* **Exercise description**
Without pictures, return the lines from the one containing "De Hypotheker Hellevoetsluis" through the last line of the data below, exactly.

* **Available data**
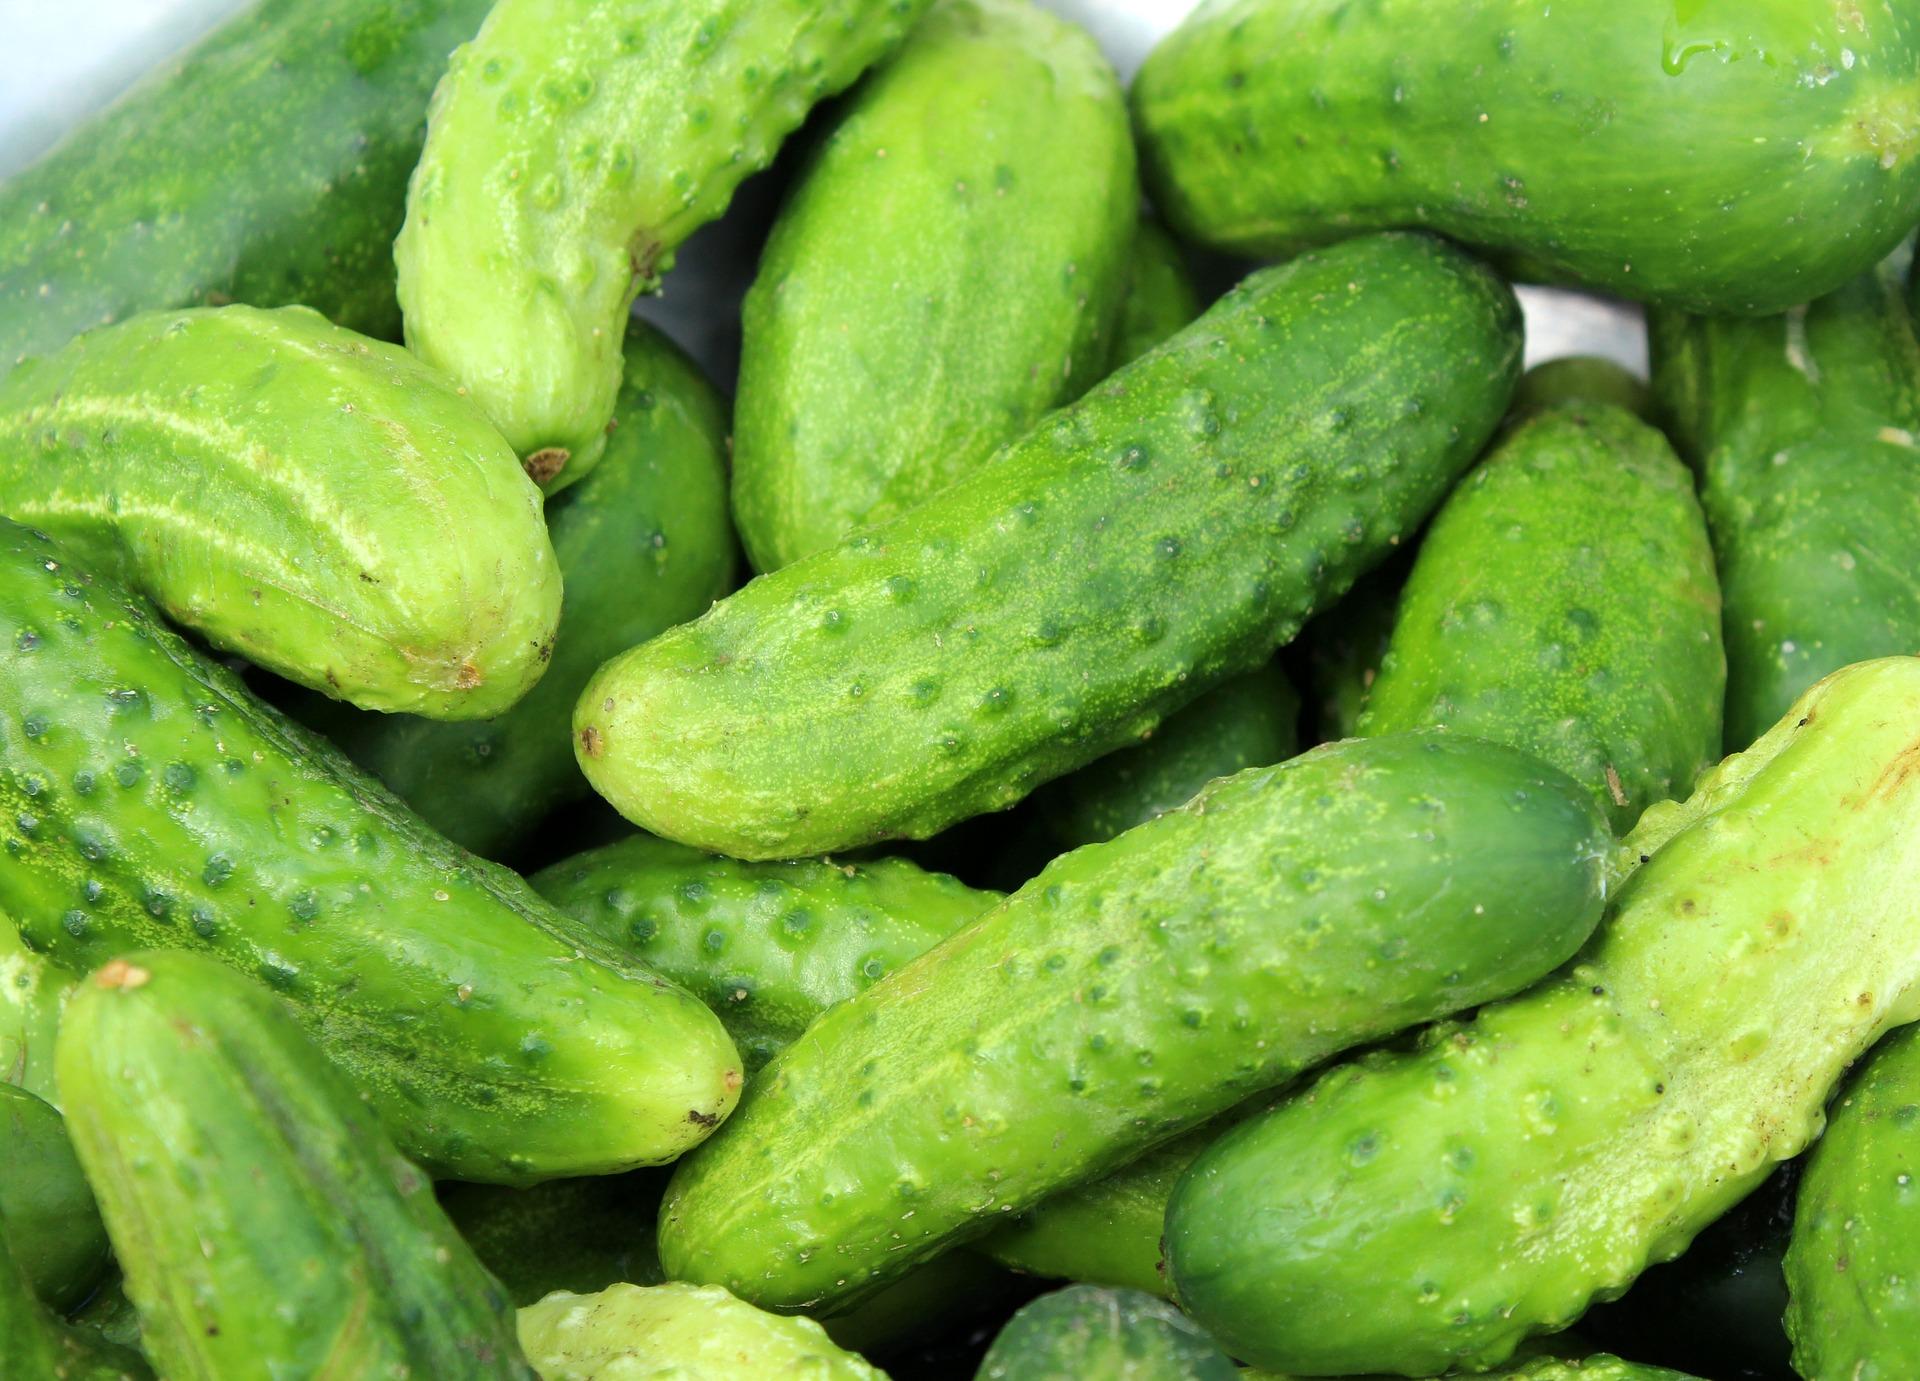 cucumbers-3534185 1920
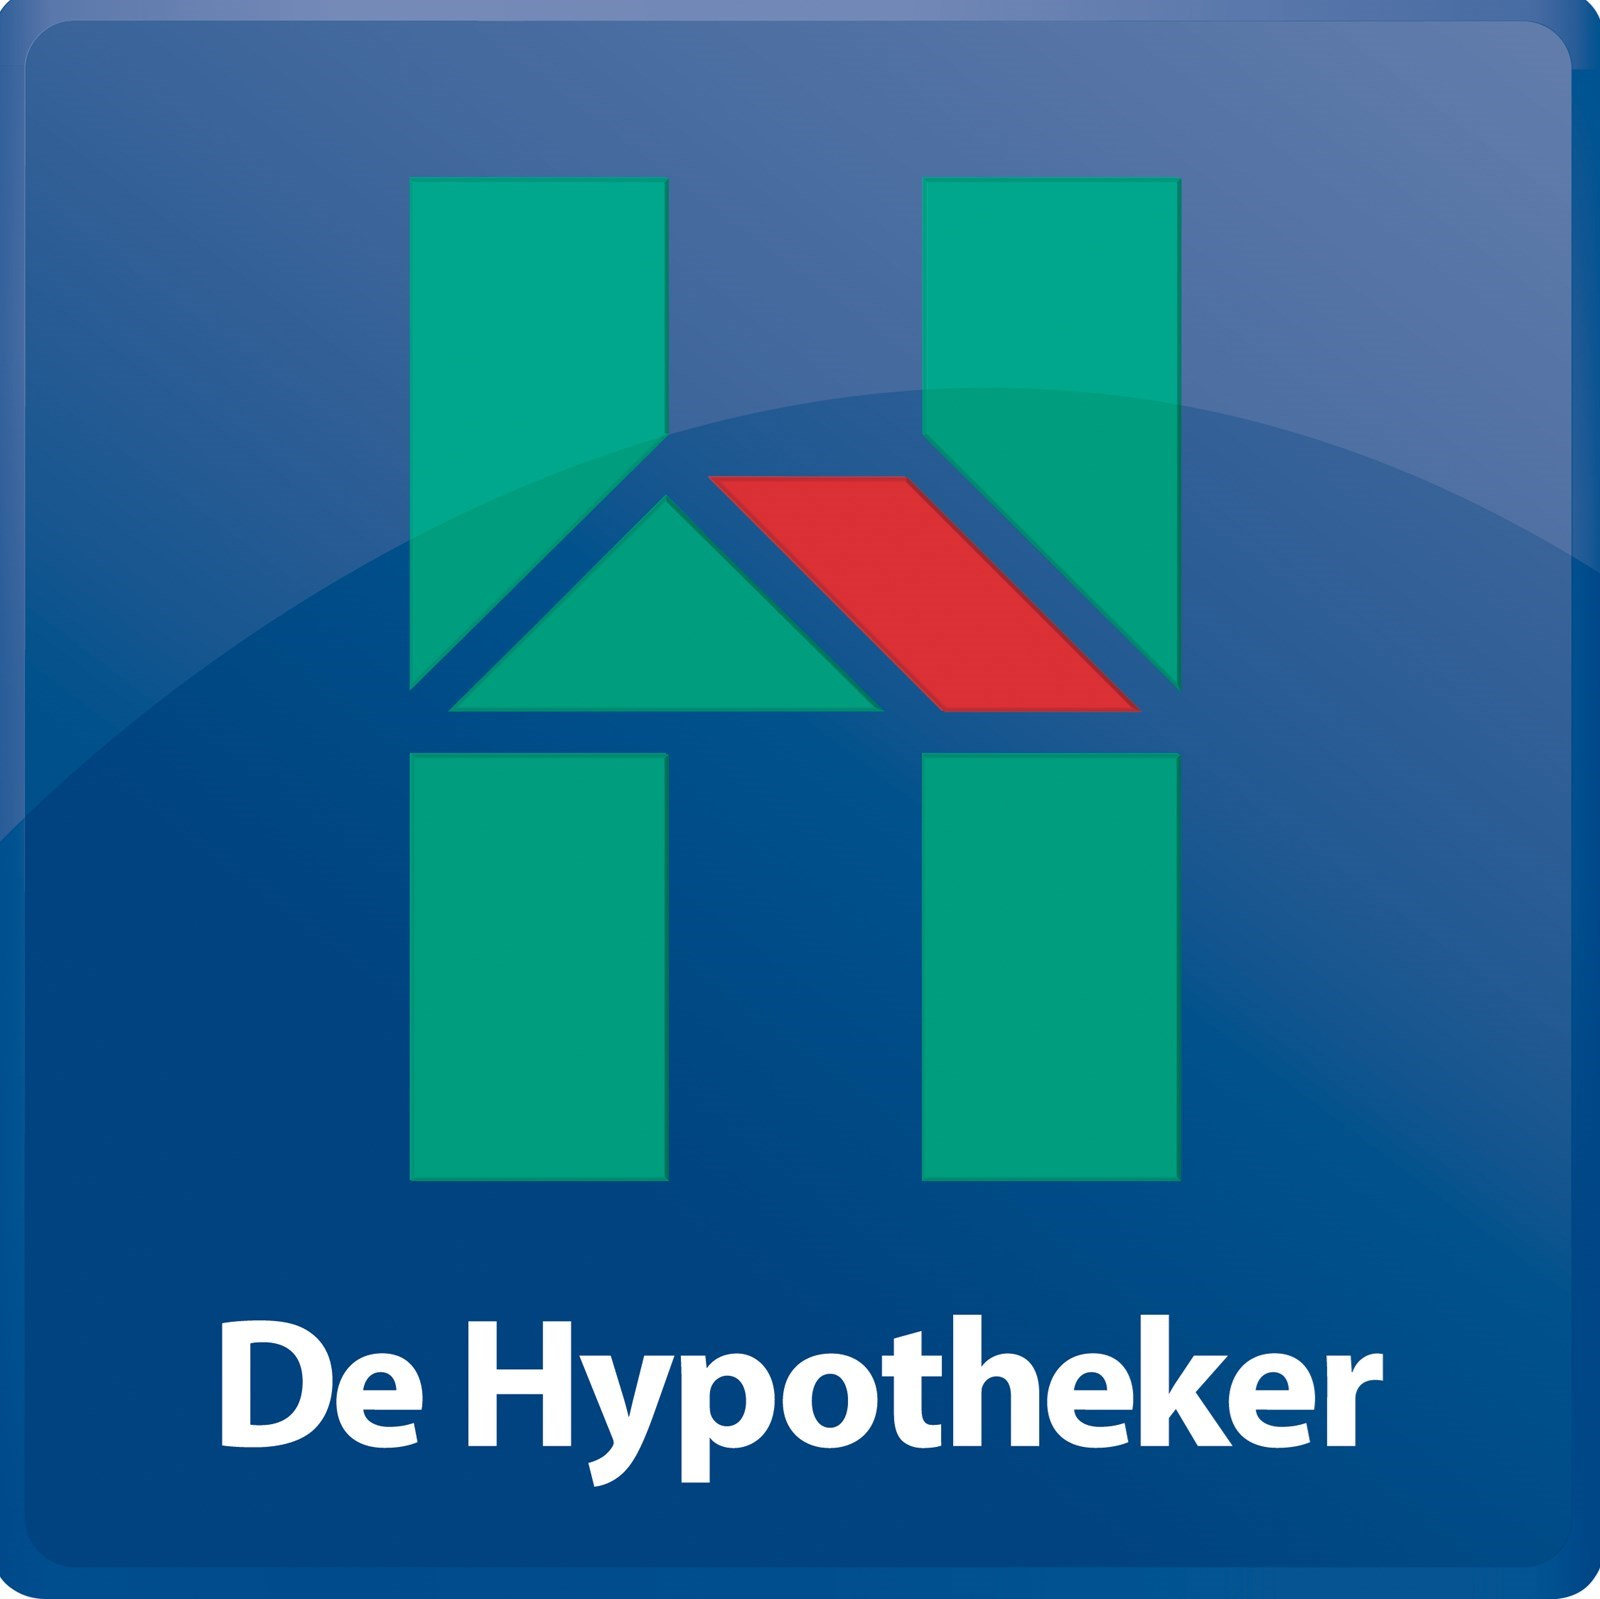 De Hypotheker Hellevoetsluis
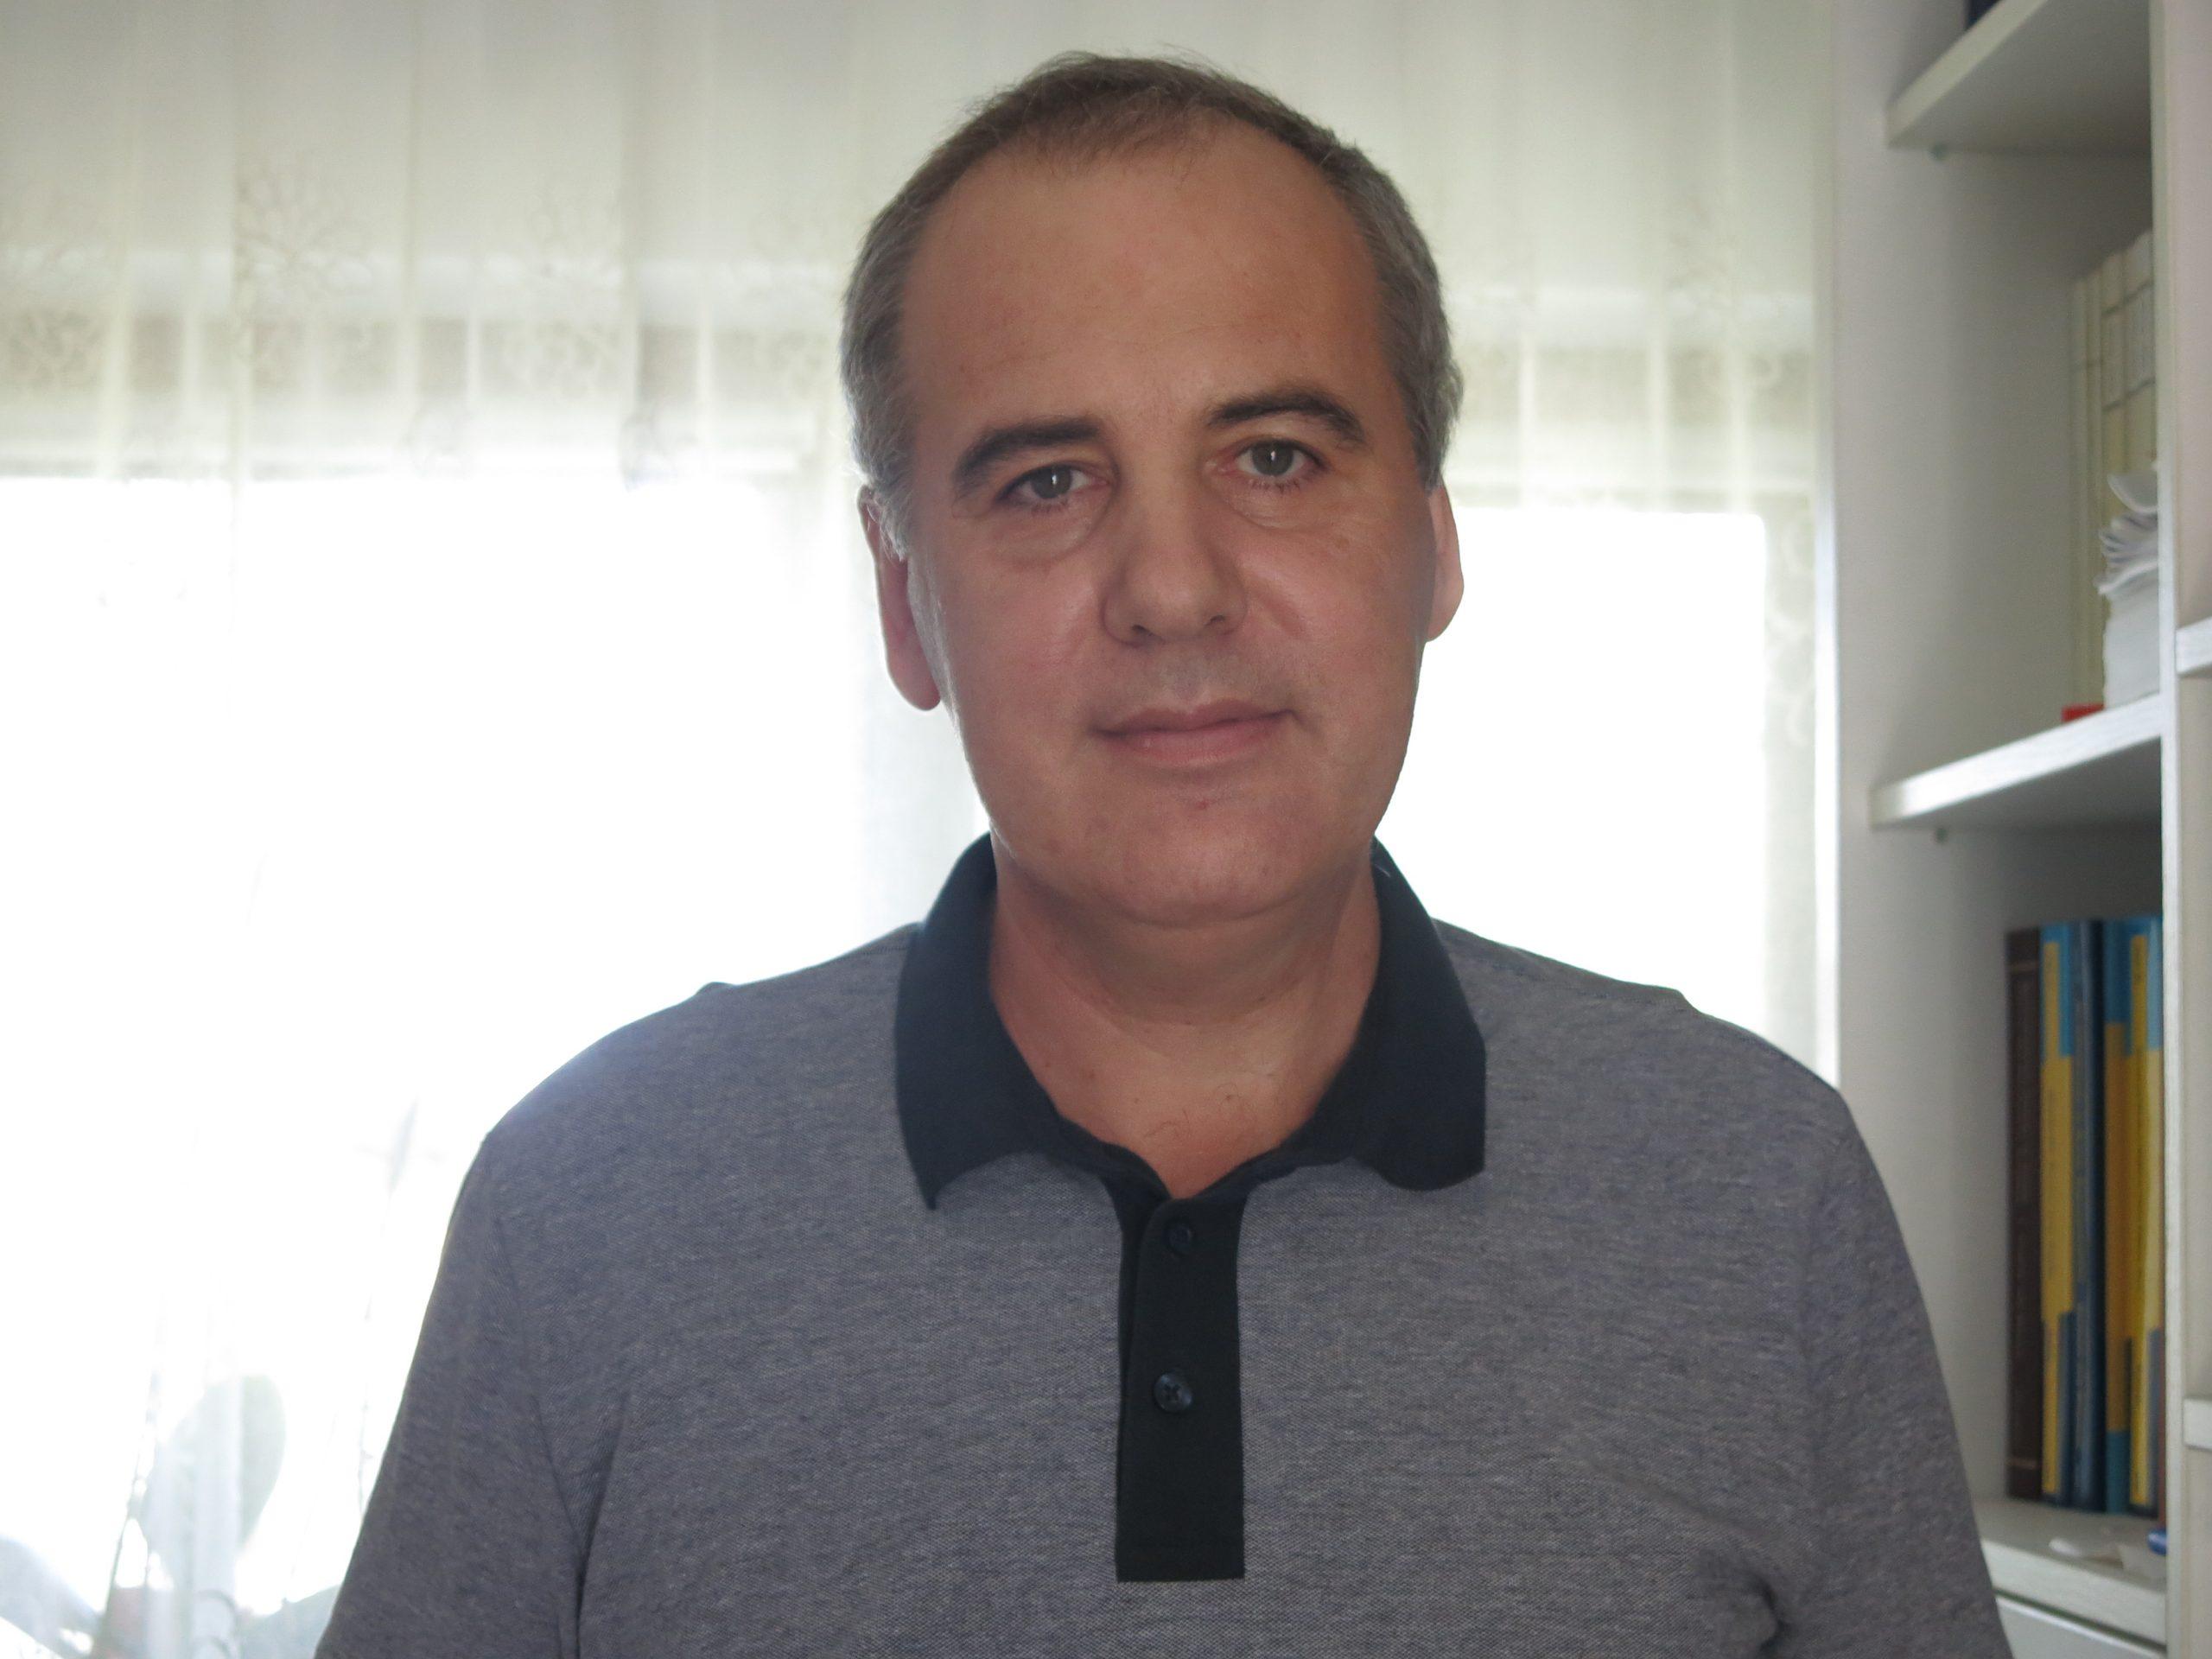 """Prof. univ. dr. Daniel Bulacu, laureat al Premiilor senatului 2019, distincția pentru """"cea mai prestigioasă publicație a anului 2019 din domeniul Științelor Exacte și Ingineriei"""""""

* **Output**
 De Hypotheker Hellevoetsluis
 """Prof. univ. dr. Daniel Bulacu, laureat al Premiilor senatului 2019, distincția pentru """"cea mai prestigioasă publicație a anului 2019 din domeniul Științelor Exacte și Ingineriei"""""""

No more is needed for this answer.